_Given entries_
Content starts

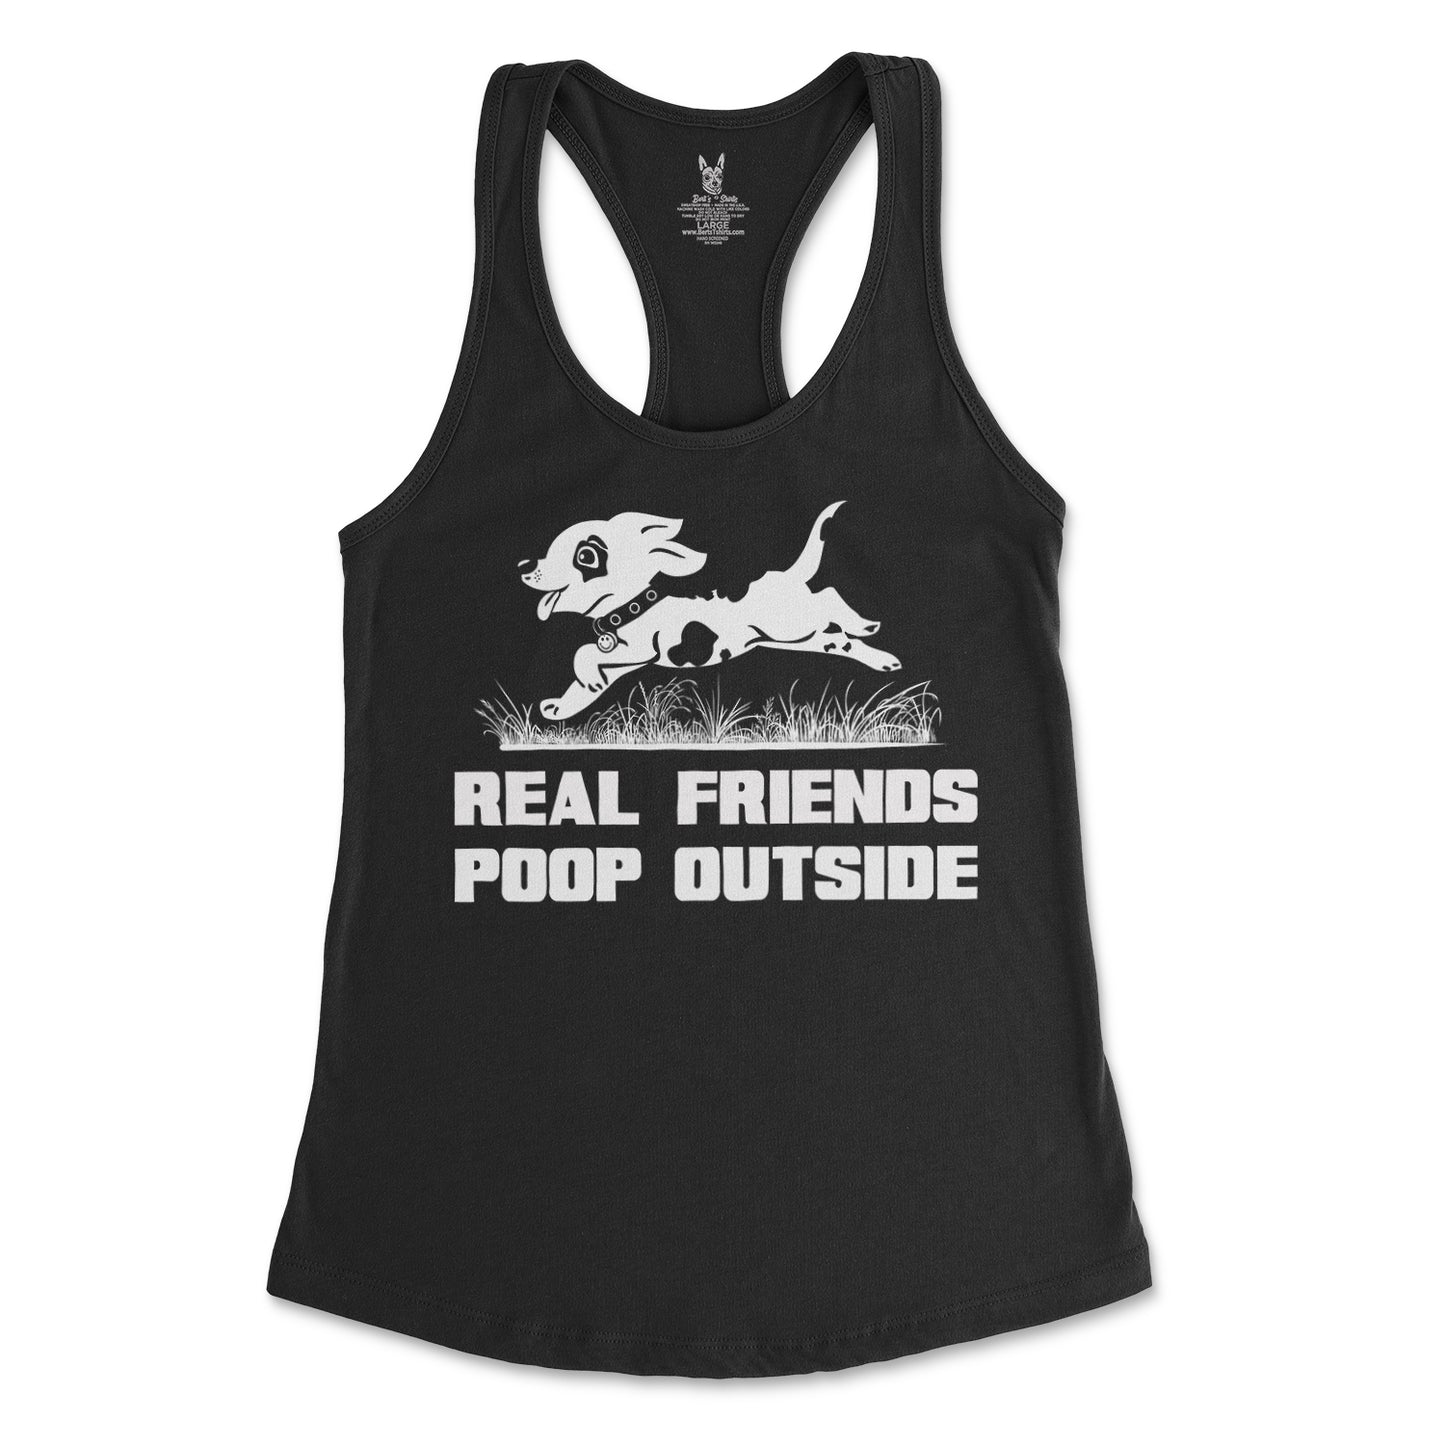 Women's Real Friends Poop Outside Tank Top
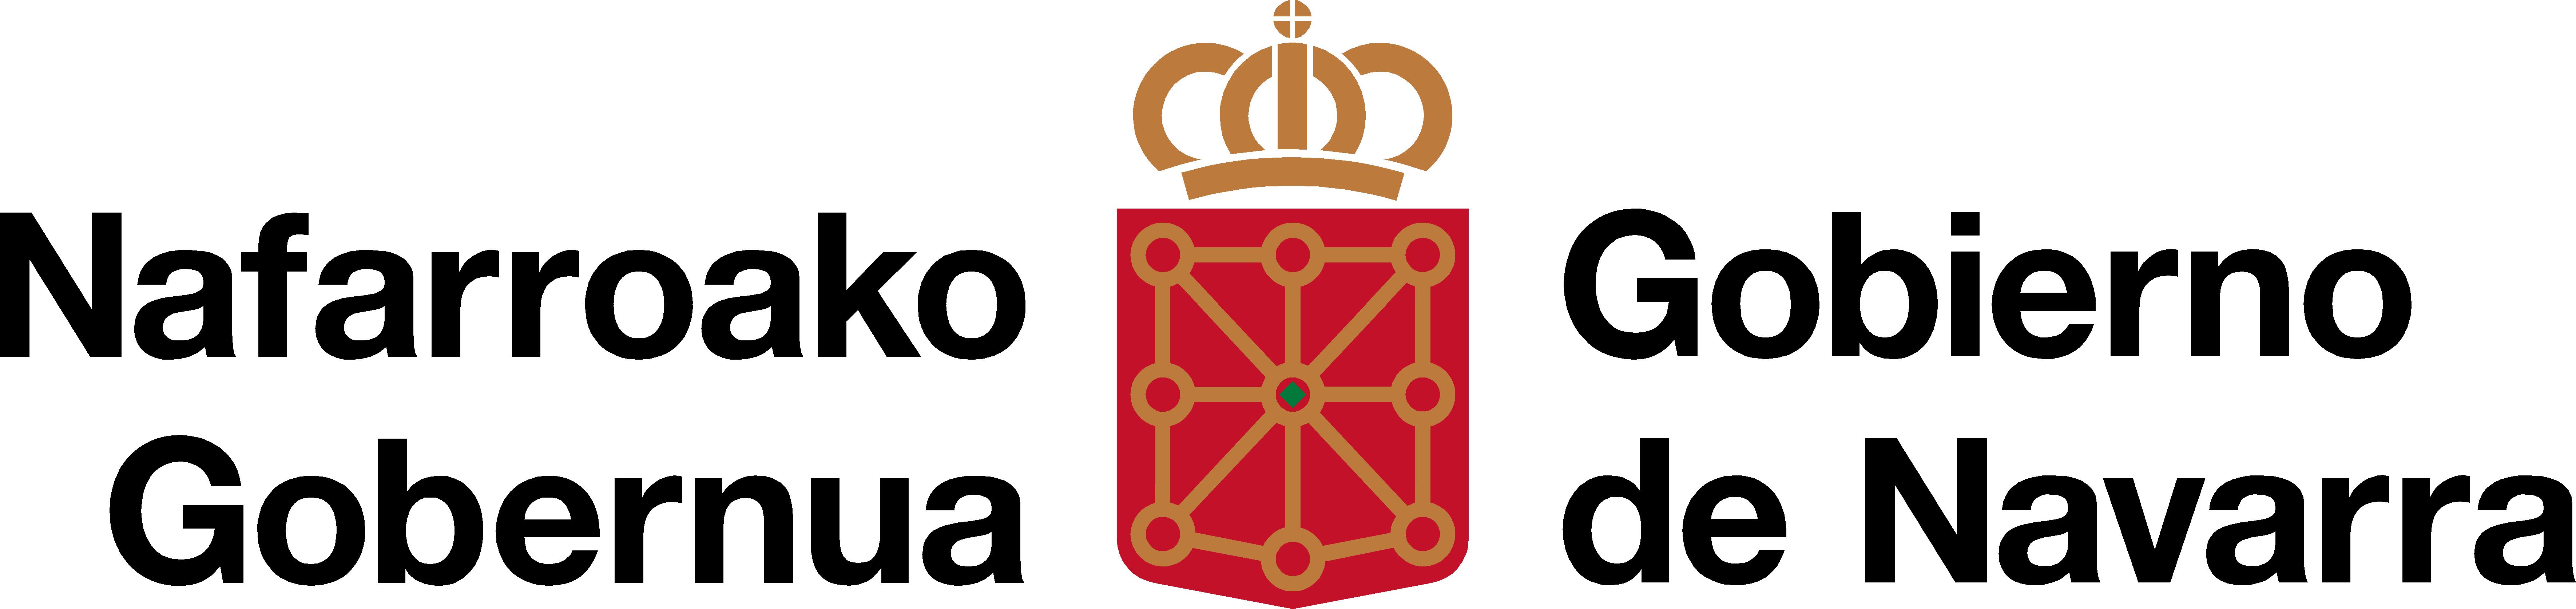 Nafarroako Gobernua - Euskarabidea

Content ends
Content starts

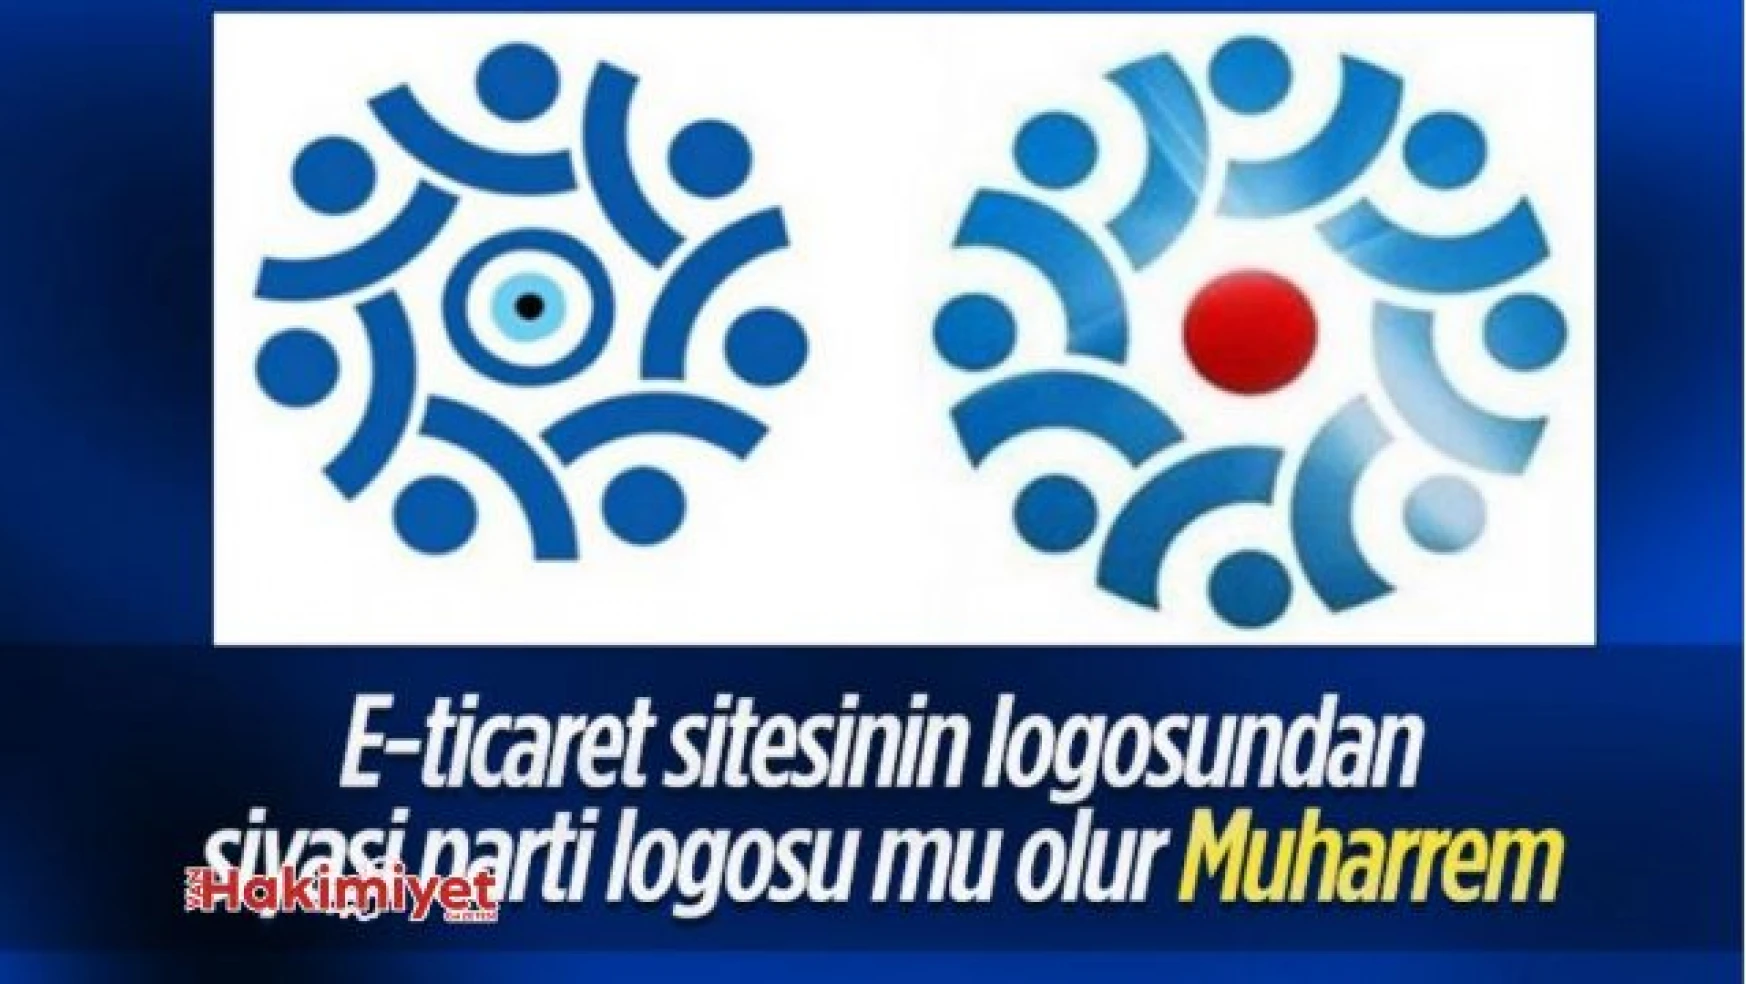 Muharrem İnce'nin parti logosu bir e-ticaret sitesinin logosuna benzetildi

Content ends

_What the task requires_
Using the data above, retype exactly and only the lines from the one containing "Women's Real Friends Poop Outside Tank Top" up to and including the one containing "Nafarroako Gobernua - Euskarabidea", with no pictures carried over.

_Task result_
 Women's Real Friends Poop Outside Tank Top
 Nafarroako Gobernua - Euskarabidea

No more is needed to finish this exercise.